Election signs in Montréal

1. ch’t’à boutte

While doing a search on Google, I stumbled across the phrase ch’t’à boutte.

Ch’t’à boutte is a colloquial way of saying, “that’s it, I’ve had it!” You can’t take it anymore because you’re at the boutte, the end.

Ch’t’à boutte!
I’ve had it!
I’m fed up!

In this example, je suis à is pronounced as ch’t’à. The ch sound comes from a contraction of je suis to j’s, which sounds like ch. The t sound in there helps to join the ch sound to the à.

It’s not just in this example that you might hear ch’t’à. For example, ch’t’à Montréal means je suis à Montréal.

Boutte means bout. Pronouncing bout as boutte is a feature of informal speech. The expression être à boutte is an informal one, so you can pronounce bout as boutte here. When you’re using bout in its general sense of “end” (e.g., le bout du monde), I recommend you stick with the standard pronunciation bou.

2. brigadier scolaire

A crossing guard helped children to cross the street at an intersection. She was wearing a uniform with brigadier scolaire (crossing guard) printed on her back.

I think all of the crossing guard uniforms in Montréal say brigadier scolaire on them, which is the masculine form. It would have been better if her uniform said brigadière scolaire because she’s a woman.

C'est l'automne, il vente fort chez nous

C’est l’automne, il vente fort chez nous

3. il vente fort

The verb venter means “to be windy.” Il vente fort means “it’s really windy” or “the wind is blowing really hard.” I spotted an ad in a newspaper for a furniture store that reads: C’est l’automne, il vente fort chez nous.

Literally, this means: It’s autumn, and the wind is blowing really hard in our store.
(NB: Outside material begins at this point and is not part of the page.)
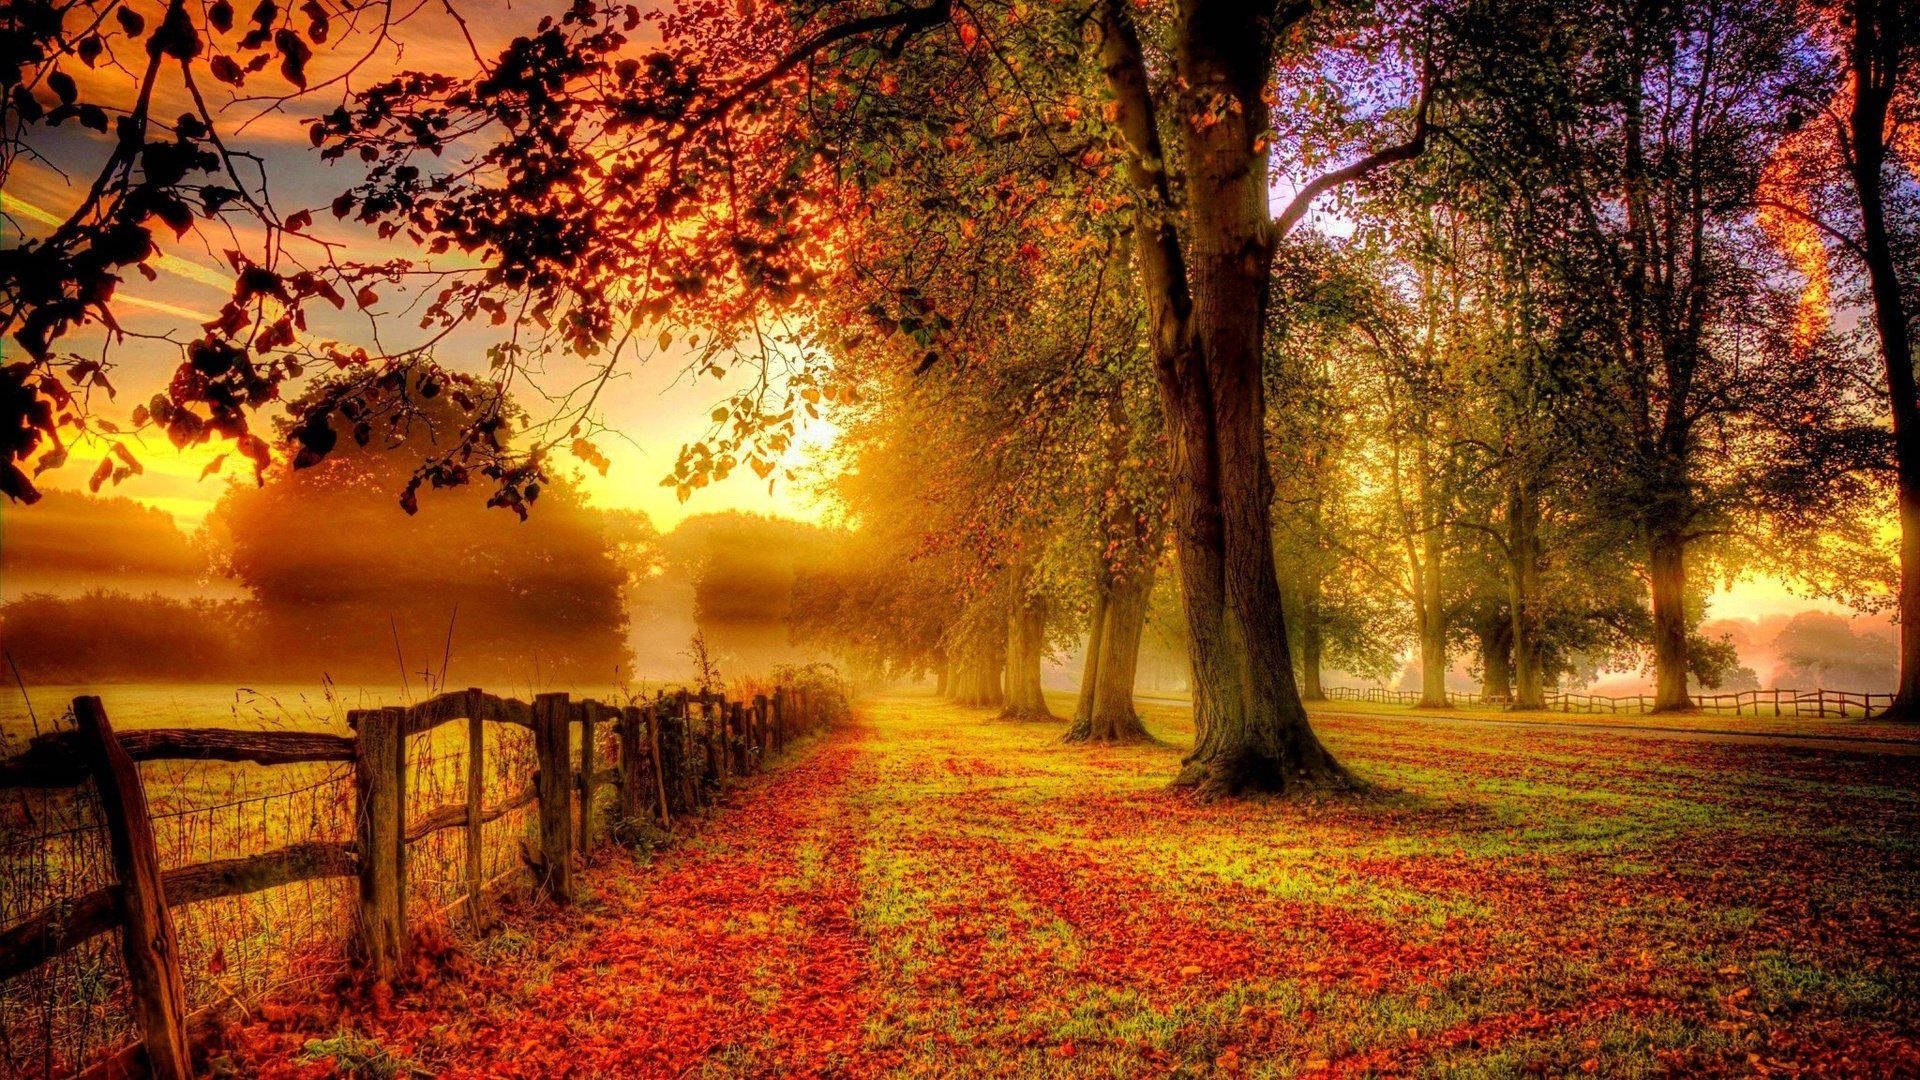 Get Lost In The Beauty Of Nature At Fall Farm! Wallpaper

But it’s actually a play on words because vente also means “sale.”

In Québec, vente is often used interchangeably with solde in the sense of “sale” (i.e., when prices are reduced). In shop windows, sometimes you’ll see a sign that reads VENTE, and other times you’ll see SOLDES. They both mean that prices have been reduced in the shop.

Speaking of ventes, many people hold a vente de garage in the warmer months to sell their excess junk lying around the house. The vente de garage isn’t always held in the garage, though. The items for sale are often put on display in front of the house on the lawn or in the driveway.